Kuang, Xiaohan; Liu, Yunchao Lance; Lin, Xiaobo; Spencer-Smith, Jesse; Derr, Tyler; Wu, Yinghao; Bitter, Hans; Hu, Yongbo; Meiler, Jens; & Su, Zhaoqian. (2025). Superwater as a generative AI framework to predict water molecule positions on protein structures. Communications Chemistry, 8(1), 397. https://doi.org/10.1038/s42004-025-01789-4
Water molecules are essential for keeping proteins structurally stable and for enabling proteins to interact with other molecules. Accurately predicting where water molecules are located around a protein is important for understanding protein function and has major implications for protein engineering and drug discovery. This study introduces SuperWater, a new generative artificial intelligence framework designed to predict water molecule positions around protein structures with high accuracy. SuperWater combines a score-based diffusion model, which learns how molecular structures are formed and refined, with equivariant graph neural networks, which are neural networks designed to respect the three-dimensional shape and physical symmetry of proteins. By using both approaches together, SuperWater can more precisely model how water molecules arrange themselves around proteins. The method outperforms existing approaches, achieving state-of-the-art results in crystal water coverage, meaning how well it recovers water molecules seen in experimental crystal structures, as well as prediction precision. On average, SuperWater predicts water positions within 0.3 plus or minus 0.06 angstroms of experimentally measured locations. The framework is demonstrated in examples involving protein hydration, protein ligand binding, and protein-protein interaction sites. Overall, SuperWater is a flexible tool that can be applied to many areas, including structural biology, binding site prediction, multi-body docking, and water-mediated drug design.

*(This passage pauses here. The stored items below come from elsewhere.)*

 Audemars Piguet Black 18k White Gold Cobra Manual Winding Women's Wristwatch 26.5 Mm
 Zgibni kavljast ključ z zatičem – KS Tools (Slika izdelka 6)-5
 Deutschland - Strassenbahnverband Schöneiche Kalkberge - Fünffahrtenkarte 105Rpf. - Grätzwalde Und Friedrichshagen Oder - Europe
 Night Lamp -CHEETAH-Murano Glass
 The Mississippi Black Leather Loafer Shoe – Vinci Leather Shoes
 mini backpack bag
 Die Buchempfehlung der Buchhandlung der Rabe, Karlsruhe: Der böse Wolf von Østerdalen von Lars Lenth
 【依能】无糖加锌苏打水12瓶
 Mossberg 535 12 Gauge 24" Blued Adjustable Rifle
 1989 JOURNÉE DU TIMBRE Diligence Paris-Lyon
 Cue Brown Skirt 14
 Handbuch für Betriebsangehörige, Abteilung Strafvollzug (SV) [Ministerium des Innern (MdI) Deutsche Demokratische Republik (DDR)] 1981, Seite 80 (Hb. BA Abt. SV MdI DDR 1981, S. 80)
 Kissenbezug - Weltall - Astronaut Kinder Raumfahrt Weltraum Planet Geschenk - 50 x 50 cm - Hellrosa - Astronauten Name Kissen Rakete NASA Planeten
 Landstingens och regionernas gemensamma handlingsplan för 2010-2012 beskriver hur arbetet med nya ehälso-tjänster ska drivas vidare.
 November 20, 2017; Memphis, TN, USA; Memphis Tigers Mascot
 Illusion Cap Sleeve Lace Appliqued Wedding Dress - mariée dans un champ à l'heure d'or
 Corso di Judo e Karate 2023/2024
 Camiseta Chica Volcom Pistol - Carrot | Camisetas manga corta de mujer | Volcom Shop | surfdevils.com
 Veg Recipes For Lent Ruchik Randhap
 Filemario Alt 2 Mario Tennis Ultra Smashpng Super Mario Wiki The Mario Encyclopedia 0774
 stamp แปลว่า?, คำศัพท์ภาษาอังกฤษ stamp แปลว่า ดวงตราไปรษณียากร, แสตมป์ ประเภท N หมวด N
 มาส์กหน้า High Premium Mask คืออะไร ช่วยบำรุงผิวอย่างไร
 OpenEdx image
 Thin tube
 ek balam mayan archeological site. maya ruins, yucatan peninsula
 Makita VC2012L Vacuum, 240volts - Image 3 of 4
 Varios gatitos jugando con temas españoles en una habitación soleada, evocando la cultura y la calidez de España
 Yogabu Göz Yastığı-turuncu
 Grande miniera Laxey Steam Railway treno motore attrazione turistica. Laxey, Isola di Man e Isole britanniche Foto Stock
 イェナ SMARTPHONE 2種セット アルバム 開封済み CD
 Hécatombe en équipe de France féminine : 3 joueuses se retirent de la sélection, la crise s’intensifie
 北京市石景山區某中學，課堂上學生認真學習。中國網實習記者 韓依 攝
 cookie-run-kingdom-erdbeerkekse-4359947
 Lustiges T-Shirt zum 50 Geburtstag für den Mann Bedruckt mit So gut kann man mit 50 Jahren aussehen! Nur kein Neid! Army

Fig. 1: Precision-coverage trade-off for the three methods.
Comparison of SuperWater (blue), HydraProt (orange), and GalaxyWater-CNN (green) in predicting water molecule positions at two matching radius: a 1.0 Å and b 0.5 Å. Precision is the fraction of predicted waters matching experimental waters within the given radius; coverage is the fraction of experimental waters matched by predictions. Curves are obtained by varying each model’s internal confidence probability threshold (cap).